Upsert the index with new data#
Upsert data by using the load method again:
# Add more data
new_data = [{
'user': 'tyler',
'age': 9,
'job': 'engineer',
'credit_score': 'high',
'user_embedding': np.array([0.1, 0.3, 0.5], dtype=np.float32).tobytes()
}]
keys = index.load(new_data)
print(keys)
['user_simple_docs:01JY4J4Y0N4CNR9Y6R67MMVG7Q']
Creating VectorQuery Objects#
Next we will create a vector query object for our newly populated index. This example will use a simple vector to demonstrate how vector similarity works. Vectors in production will likely be much larger than 3 floats and often require Machine Learning models (i.e. Huggingface sentence transformers) or an embeddings API (Cohere, OpenAI). redisvl provides a set of Vectorizers to assist in vector creation.

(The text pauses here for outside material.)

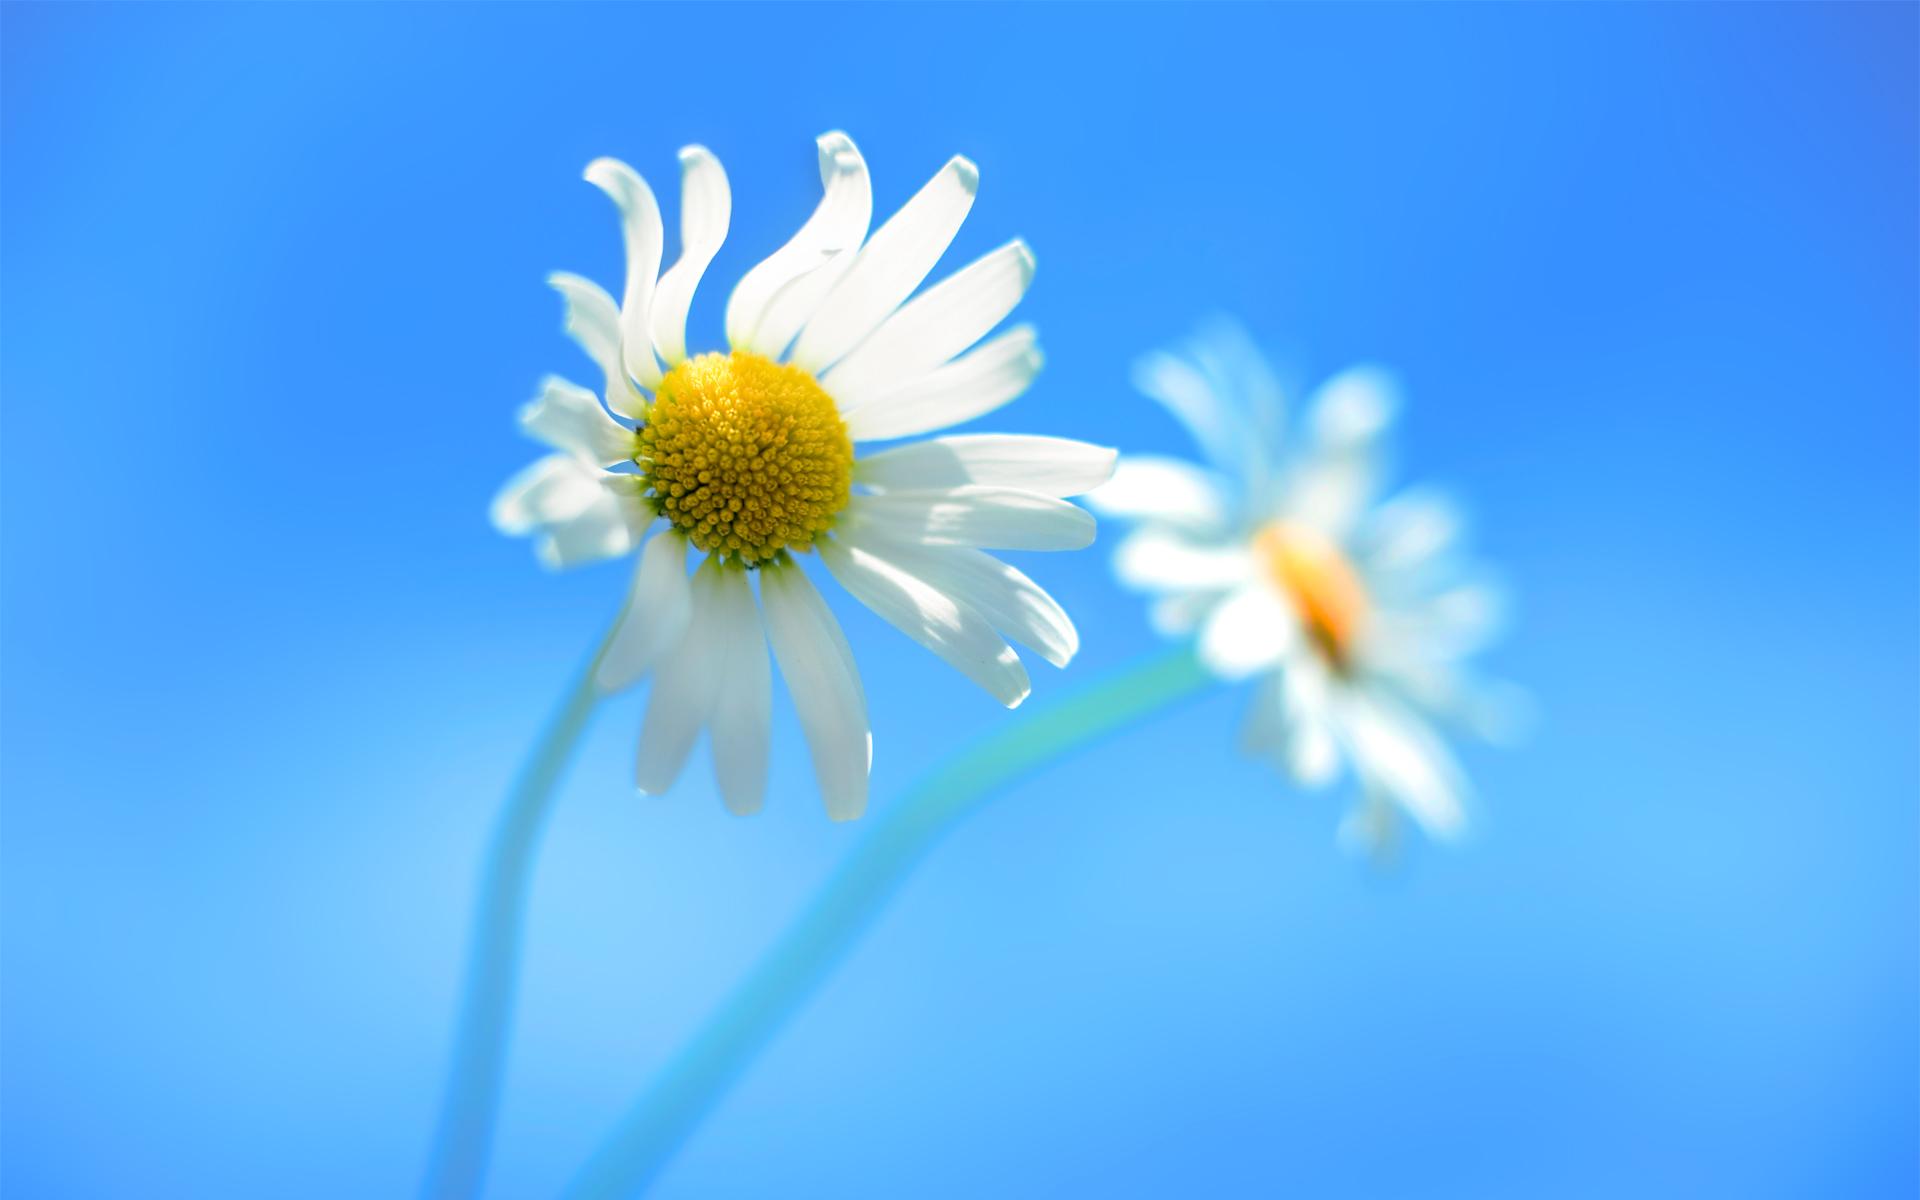 27 Flower Wallpapers For Windows 10 On Wallpapersafari

from redisvl.query import VectorQuery
from jupyterutils import result_print
query = VectorQuery(
vector=[0.1, 0.1, 0.5],
vector_field_name="user_embedding",
return_fields=["user", "age", "job", "credit_score", "vector_distance"],
num_results=3
)
Note: For HNSW and SVS-VAMANA indexes, you can tune search performance using runtime parameters:
# Example with HNSW runtime parameters
query = VectorQuery(
vector=[0.1, 0.1, 0.5],
vector_field_name="user_embedding",
return_fields=["user", "age", "job"],
num_results=3,
ef_runtime=50 # Higher for better recall (HNSW only)
)
See the SVS-VAMANA guide and Advanced Queries guide for more details on runtime parameters.
Executing queries#
With our VectorQuery object defined above, we can execute the query over the SearchIndex using the query method.
results = index.query(query)
result_print(results)
| vector_distance | user | age | job | credit_score |
|---|---|---|---|---|
| 0 | john | 1 | engineer | high |
| 0 | mary | 2 | doctor | low |
| 0 | john | 1 | engineer | high |
Using an Asynchronous Redis Client#
The AsyncSearchIndex class along with an async Redis python client allows for queries, index creation, and data loading to be done asynchronously. This is the
recommended route for working with redisvl in production-like settings.
schema
{'index': {'name': 'user_simple', 'prefix': 'user_simple_docs'},
'fields': [{'name': 'user', 'type': 'tag'},
{'name': 'credit_score', 'type': 'tag'},
{'name': 'job', 'type': 'text'},
{'name': 'age', 'type': 'numeric'},
{'name': 'user_embedding',
'type': 'vector',
'attrs': {'dims': 3,
'distance_metric': 'cosine',
'algorithm': 'flat',
'datatype': 'float32'}}]}
from redisvl.index import AsyncSearchIndex
from redis.asyncio import Redis
client = Redis.from_url("redis://localhost:6379")
index = AsyncSearchIndex.from_dict(schema, redis_client=client)
# execute the vector query async
results = await index.query(query)
result_print(results)
| vector_distance | user | age | job | credit_score |
|---|---|---|---|---|
| 0 | john | 1 | engineer | high |
| 0 | mary | 2 | doctor | low |
| 0 | john | 1 | engineer | high |
Updating a schema#
In some scenarios, it makes sense to update the index schema. With Redis and redisvl, this is easy because Redis can keep the underlying data in place while you change or make updates to the index configuration.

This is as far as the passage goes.